The tau protein is an important structural component inside the nerve. The following is an excellent explanation:
"Tau is abundant in neurons and binds to microtubulin where it has a pivotal role in microtubule growth and stability. And if it affects microtubule growth, then it affects not only cellular architecture but also cellular trafficking, since cells use microtubules as motorways to deliver nutrients and other molecules to different destinations. Without the assistance of tau, neurons are then neither able to elongate, nor to regenerate. In AD [Alzheimer's Disease], tau structure is modified via hyperphosphorylation and instead of assisting microtubulin, it creates tangled clumps of fibres in the neurone’s cytosol." (1)

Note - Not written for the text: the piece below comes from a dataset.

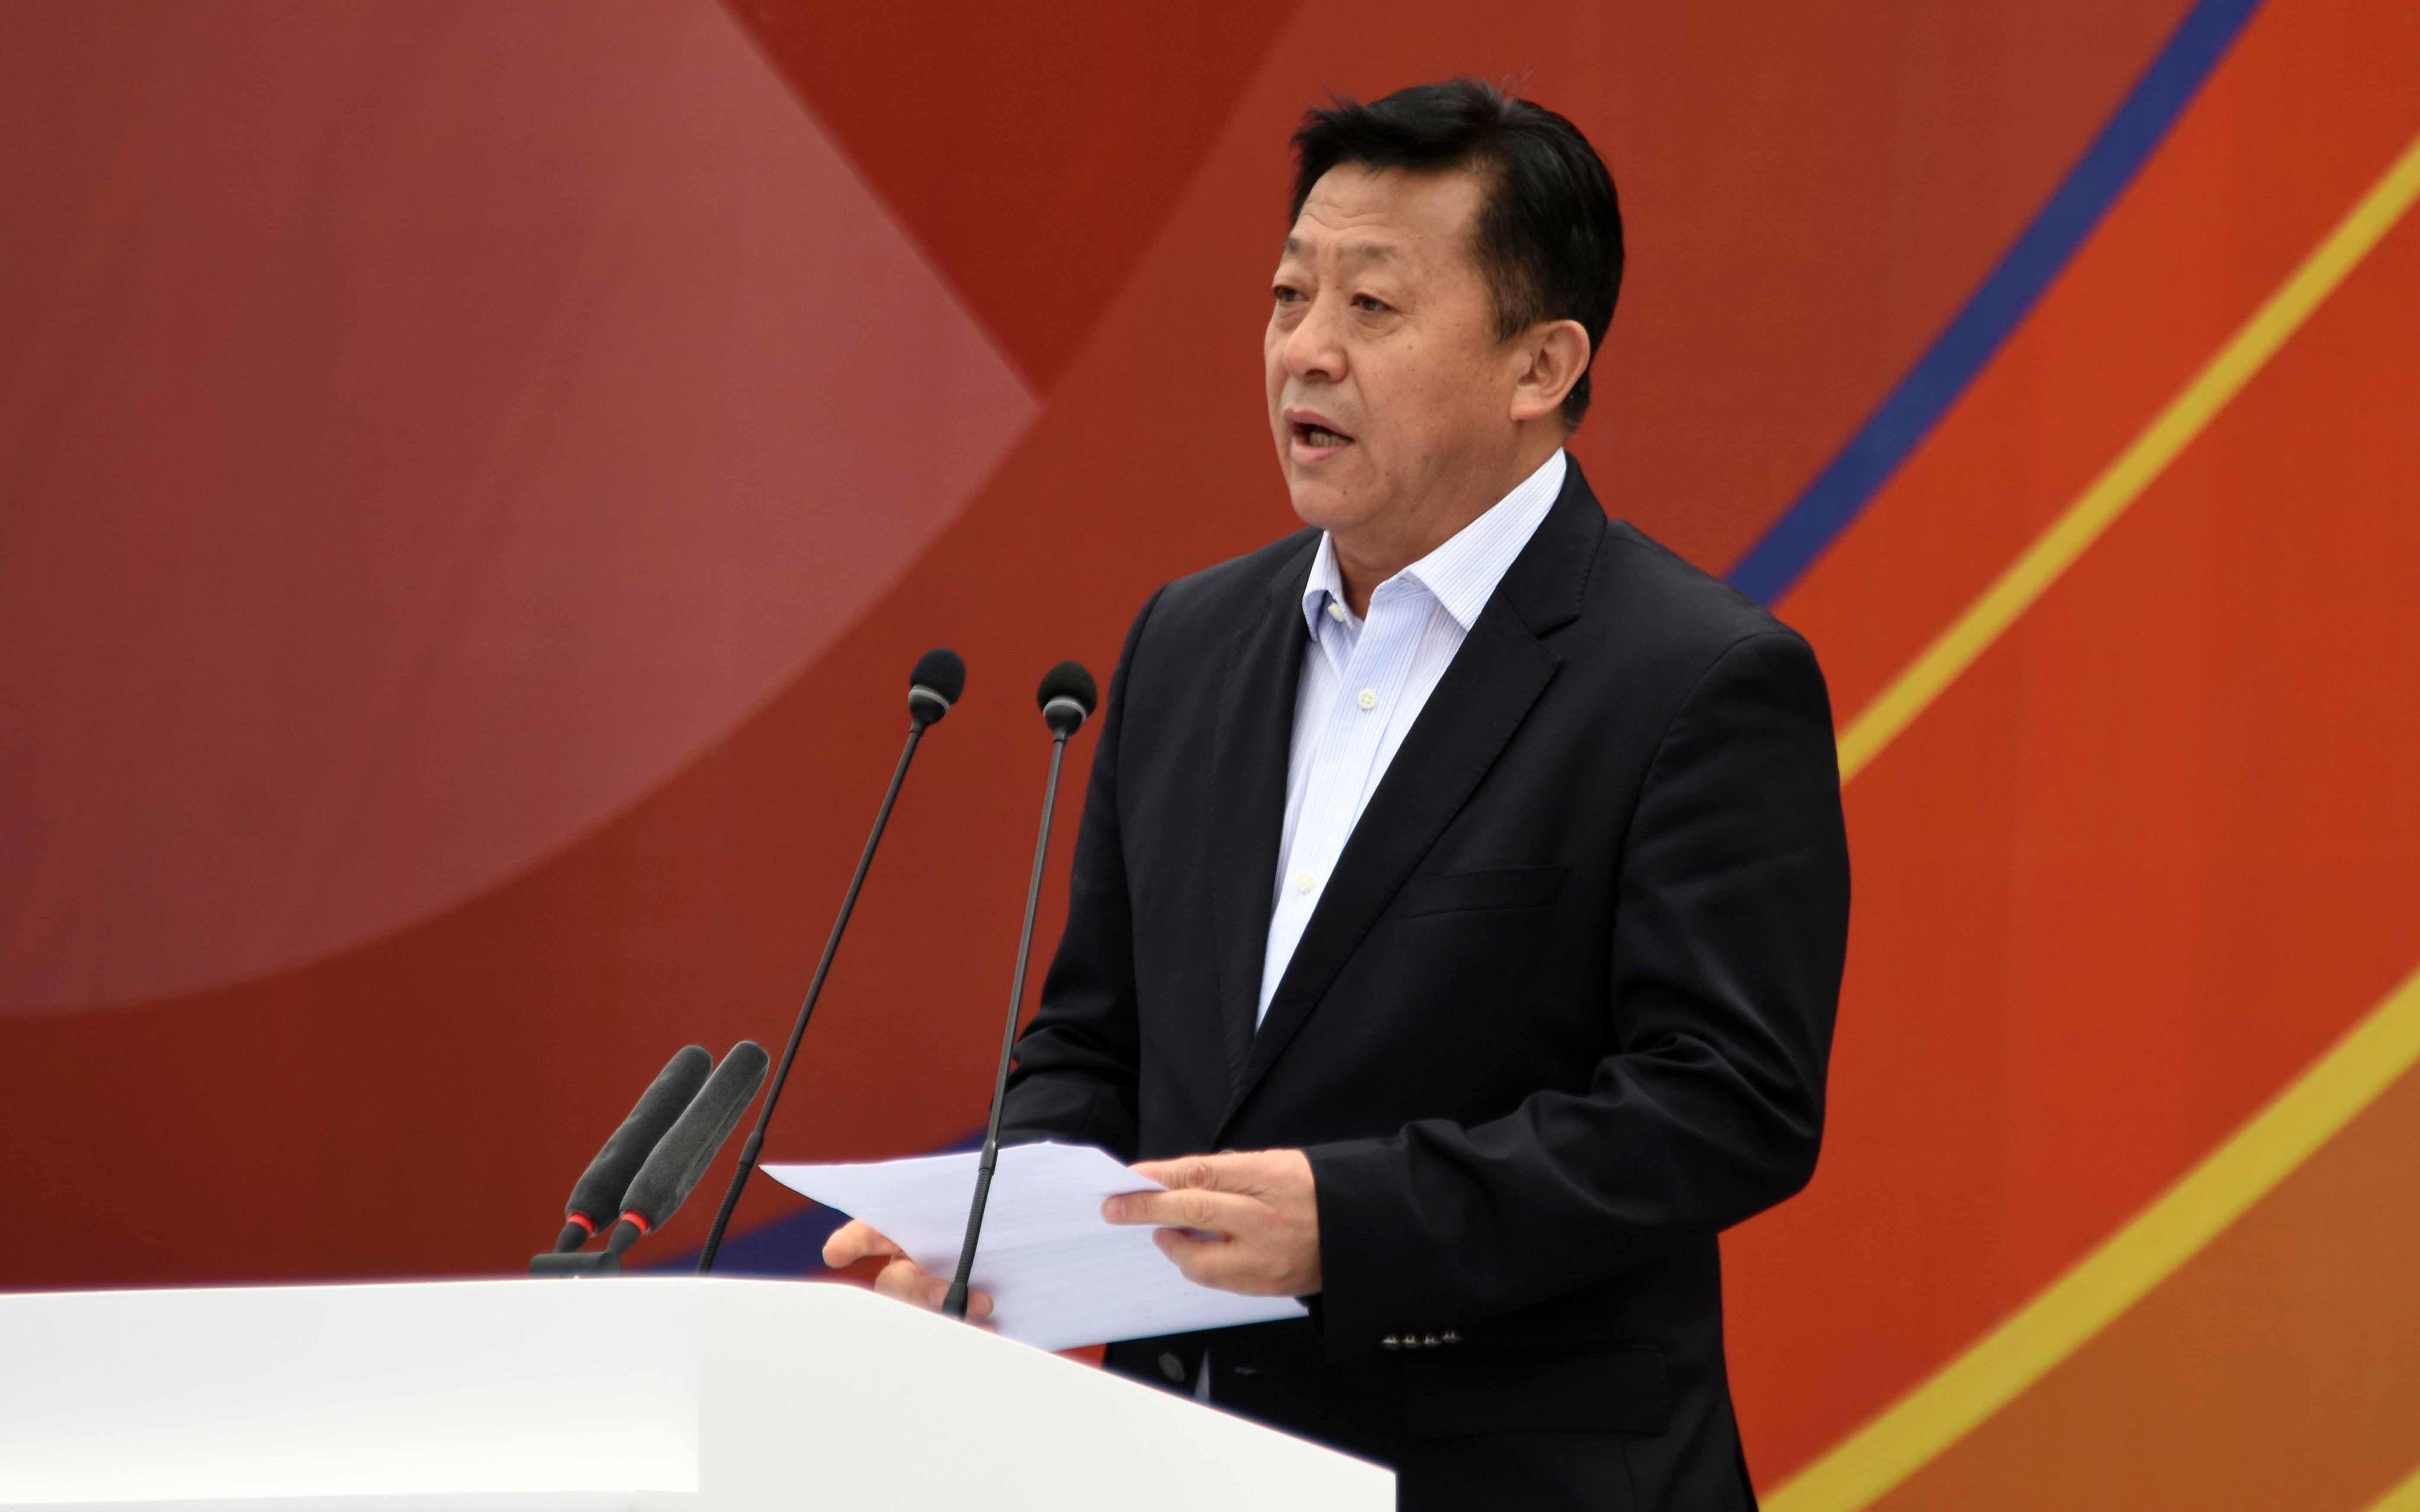 足协副主席杜兆才:足球科班出身,外事工作有优势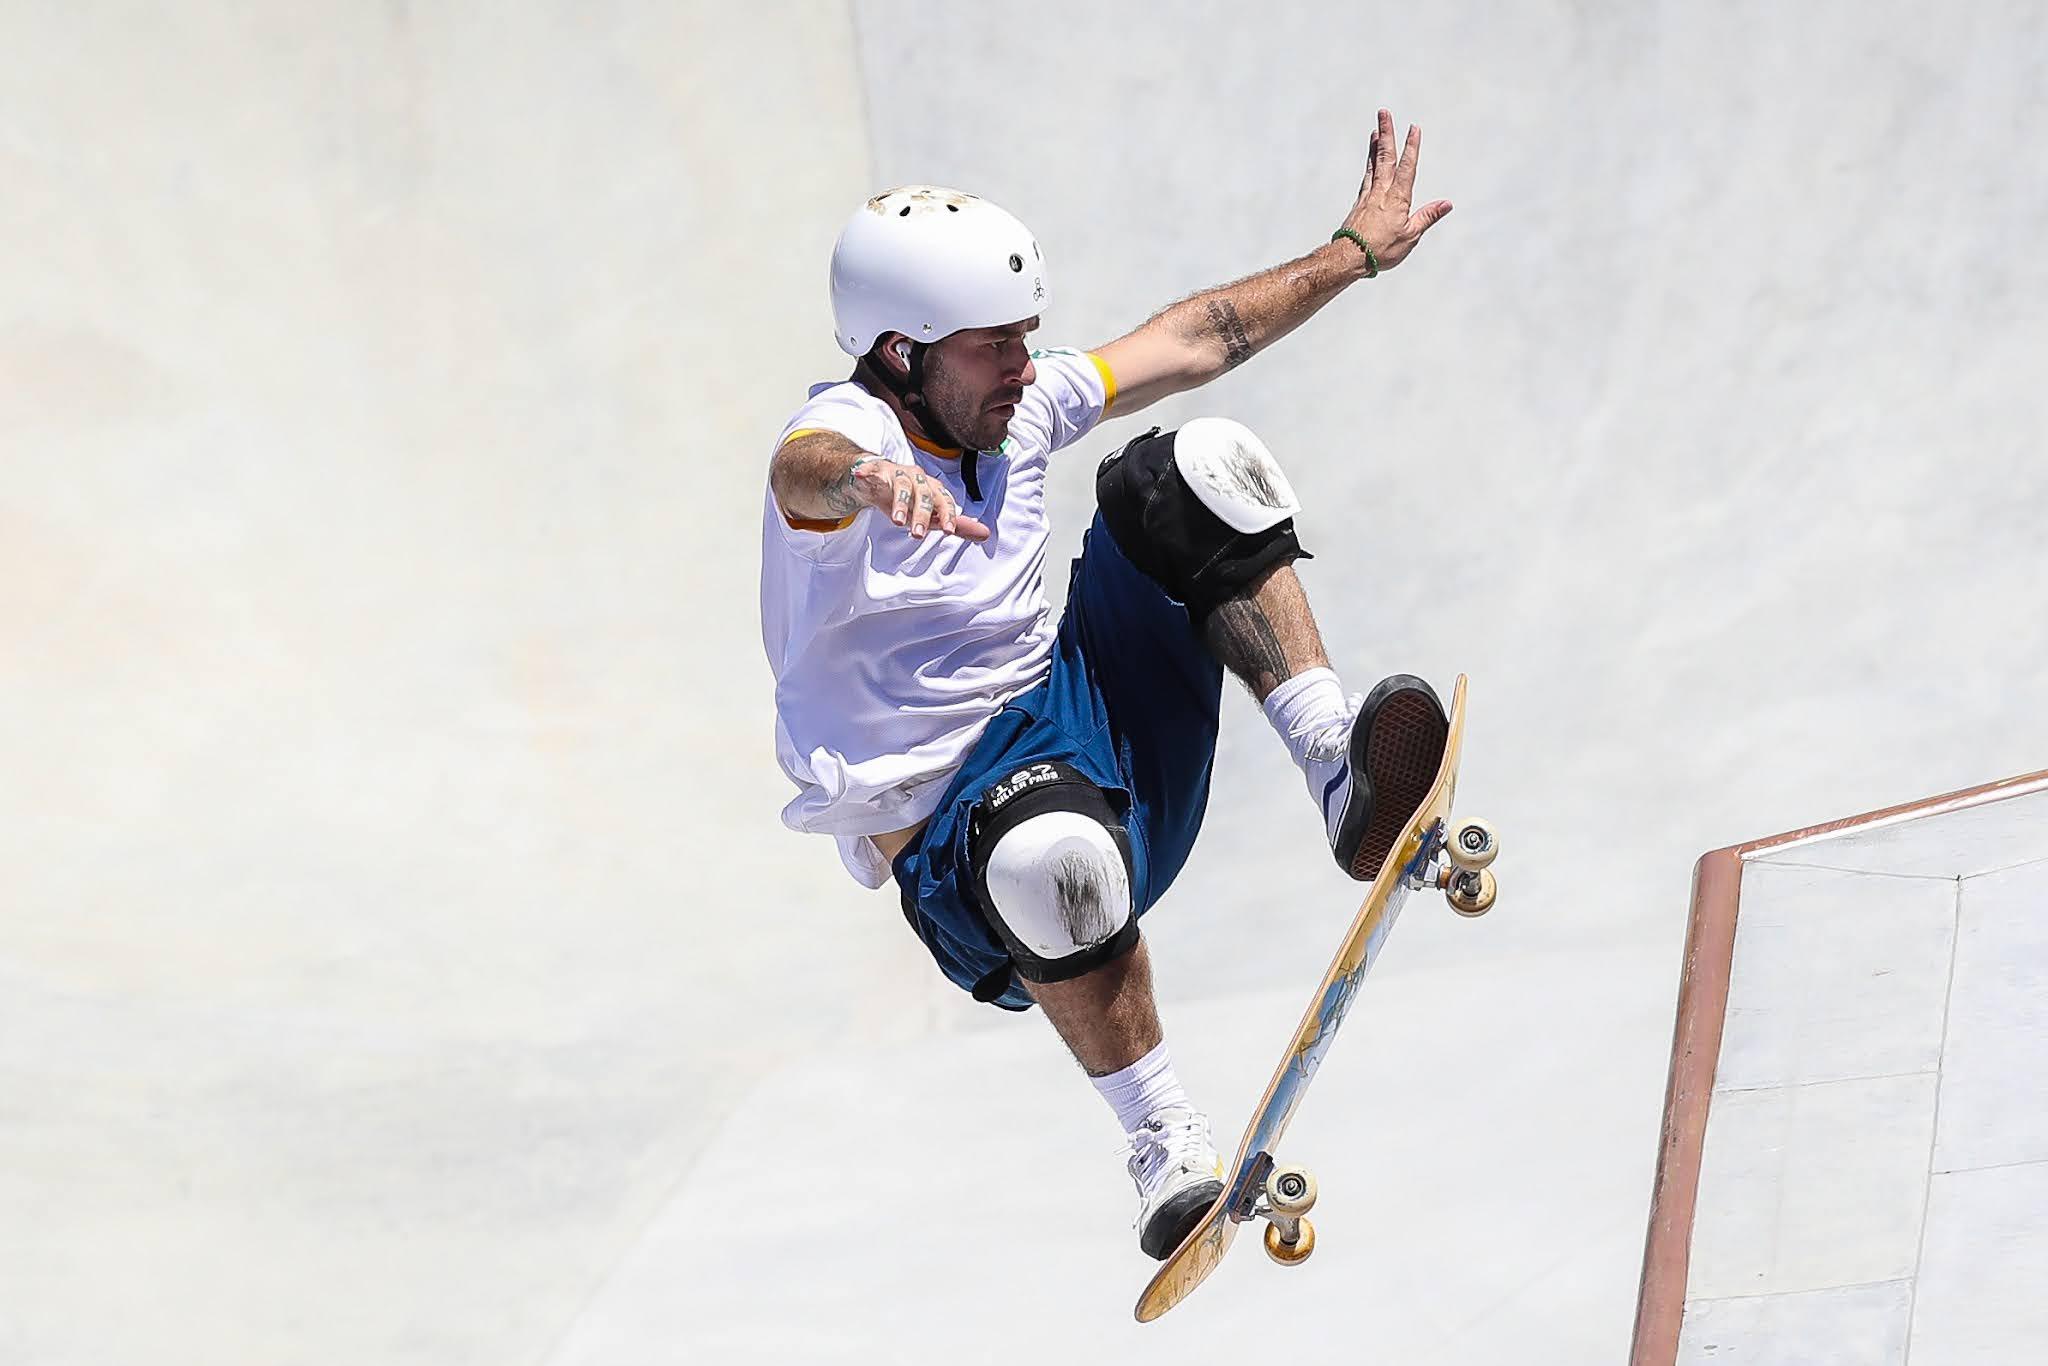 Pedro Barros é um dos principais skatistas da história do Brasil

The tau protein is critical to the structure of the nerve and the transportation system inside the nerve. When the tau protein is chemically altered, it loses its ability to connect with the nerve structure and then disrupts it. It is like collapsing bridges in a highway system. There is no way to cross the river and soon the nerve cell dies and disappears.
How is tau protein changed?
The DYRK1A gene instructs the cell to 'phosphoralate' the tau protein

   Phosphorylation is the addition of a phosphate (PO4)  to a protein or other organic molecule.
Phosphorylation activates or deactivates many protein enzymes.
  The best theory is that having 1.5 times of the DYRK1A gene leads to' hyperphosphalation'. This means that phosphate groups (PO4) are added to the tau protein in an excessive manner.  The result of this chemical change is that the tau protein falls off of the microtubules inside the nerve, clumps together and the nerve soon collapses.
Here is a video of this process. There is no sound but the animation is very good.




Next blog we will put the different pieces together.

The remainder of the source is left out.